Ketika Semua Mau Jadi Pakar Kuliner

Natasha Lucas menyadari adanya kesenjangan antara food content creator/influencer dan profesi seorang pakar kuliner

Melihat pesatnya perkembangan dunia kuliner dan media sosial dalam beberapa tahun terakhir, ada satu hal yang menjadi keresahan saya sebagai seseorang yang berkecimpung di dua bidang ini. Saya memiliki latar belakang sebagai food content creator, tetapi saya juga seorang social media specialist yang sering kali memantau perkembangan dunia digital.

Melihat beberapa perseteruan yang terjadi di media sosial, seperti food content creator yang mengkritik restoran secara tajam layaknya seorang pakar, perdebatan tentang bika ambon dan lapis legit, serta talenan kayu dan plastik, saya menyadari adanya kesenjangan besar antara food content creator/influencer dan profesi seorang pakar kuliner.

Meningkatnya jumlah food content creator/influencer memang didorong oleh semakin besarnya antusiasme masyarakat terhadap dunia kuliner. Visual yang menarik dan menggugah selera serta restoran dengan interior yang memukau kerap kali menjadi daya tarik utama. Persaingan bisnis juga semakin ketat karena banyak pebisnis mulai melirik industri kuliner sebagai ladang yang menggiurkan. Hal inilah yang membuat masyarakat sering kali mengandalkan rekomendasi dari food content creator/influencer dalam memilih restoran yang ingin dicoba.

Namun, sayangnya, hal ini juga memengaruhi pandangan masyarakat bahwa food content creator/influencer adalah seorang pakar kuliner. Tak jarang, para food content creator/influencer sendiri menganggap bahwa mereka adalah pakar. Padahal, ini adalah dua profesi yang berbeda.

Saya ingin menjelaskan sedikit perbedaan di antara kedua profesi ini. Jika dilihat dari latar belakangnya, seorang pakar kuliner biasanya memiliki pendidikan atau pengalaman profesional di bidang kuliner, seperti chef, ilmuwan pangan, kritikus makanan, atau akademisi gastronomi. Mereka memahami teknik memasak, sejarah kuliner, hingga ilmu pangan.

Sementara itu, food content creator/influencer tidak selalu memiliki latar belakang akademik atau profesional di dunia kuliner. Fokus mereka lebih pada pengalaman pribadi, estetika visual, dan interaksi dengan audiens. Seorang pakar kuliner dapat memberikan analisis mendalam berdasarkan riset dan pengalaman profesional. Misalnya, seorang kritikus makanan seperti Anton Ego dalam film Ratatouille menilai makanan berdasarkan teknik dan rasa, bukan hanya tampilannya.
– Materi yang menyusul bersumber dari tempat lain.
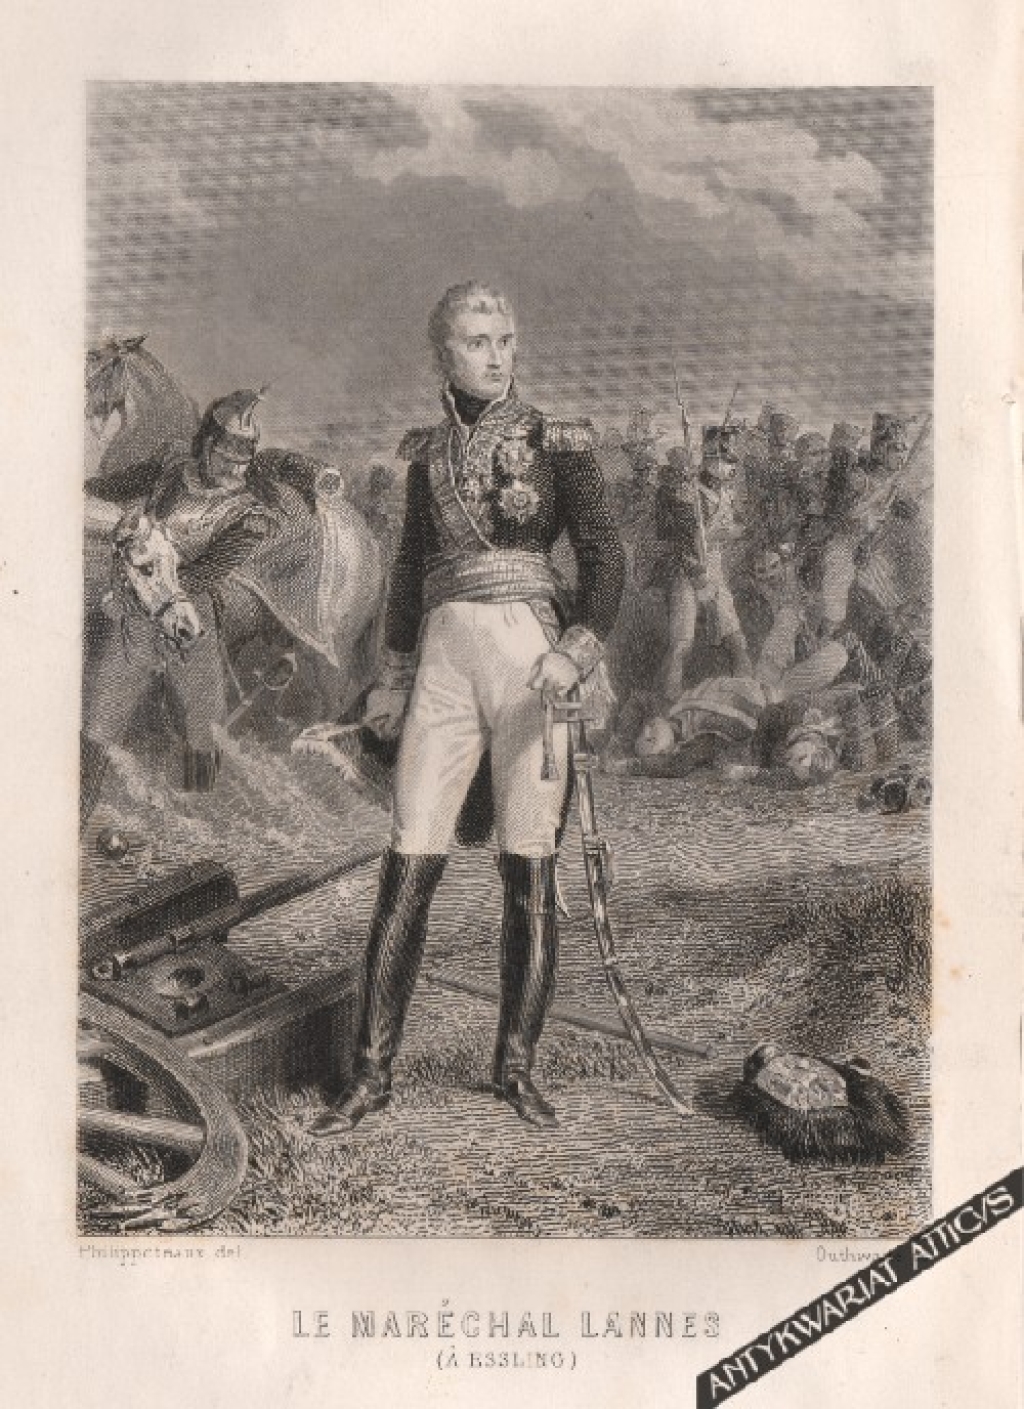 [rycina, ok. 1840] Le marechal Lannes (A Essling) [marszałek Jean Lannes]

Sebaliknya, food content creator/influencer lebih mengutamakan pendapat pribadi, tren, dan daya tarik visual untuk menarik perhatian penontonnya.

Oleh karena itu, kita sering kali mendengar ulasan dari food content creator/influencer yang tidak sesuai konteks dan tidak mengikuti pakem bahasa kuliner. Misalnya, seseorang yang hanya hobi memasak disebut chef, atau restoran yang dengan mudah ditemukan justru diberi label hidden gem, dan sebagainya. Menurut saya, sudah saatnya kita lebih menghargai setiap profesi dan tidak menyamaratakannya.

Di Indonesia, jumlah pakar kuliner yang bisa dijadikan acuan memang masih terbilang sedikit. Beberapa nama seperti almarhum Bondan Winarno, William Wongso, dan Prof. Dr. Ir. Murdijati Gardjito mungkin tidak selalu muncul di media sosial yang kini didominasi oleh generasi muda. Oleh karena itu, para food content creator/influencer sebaiknya memperkaya wawasan kuliner, bukan hanya sekadar mengejar tren atau visual menarik. Mengikuti kelas gastronomi, belajar dari para chef profesional, atau bahkan sekadar membaca buku kuliner bisa menjadi langkah awal untuk meningkatkan kredibilitas dalam menyampaikan ulasan makanan.

Di sisi lain, kita sebagai masyarakat juga perlu lebih kritis dalam menerima rekomendasi kuliner di media sosial dan tidak serta-merta menganggap mereka sebagai pakar. Dengan begitu, kita dapat berkontribusi dalam membangun ekosistem kuliner yang lebih sehat dan edukatif, dari hulu hingga hilir.

Natasha V. Lucas

Natasha V. Lucas merupakan Head of Creative & Visual di Feastin’. Food stylist dan fotografer yang melihat makanan sebagai karya seni. Pencinta memasak yang tak bisa hidup tanpa kopi dan sashimi. Baginya, makanan bukan sekadar rasa - tapi harus diapresiasi dari hati.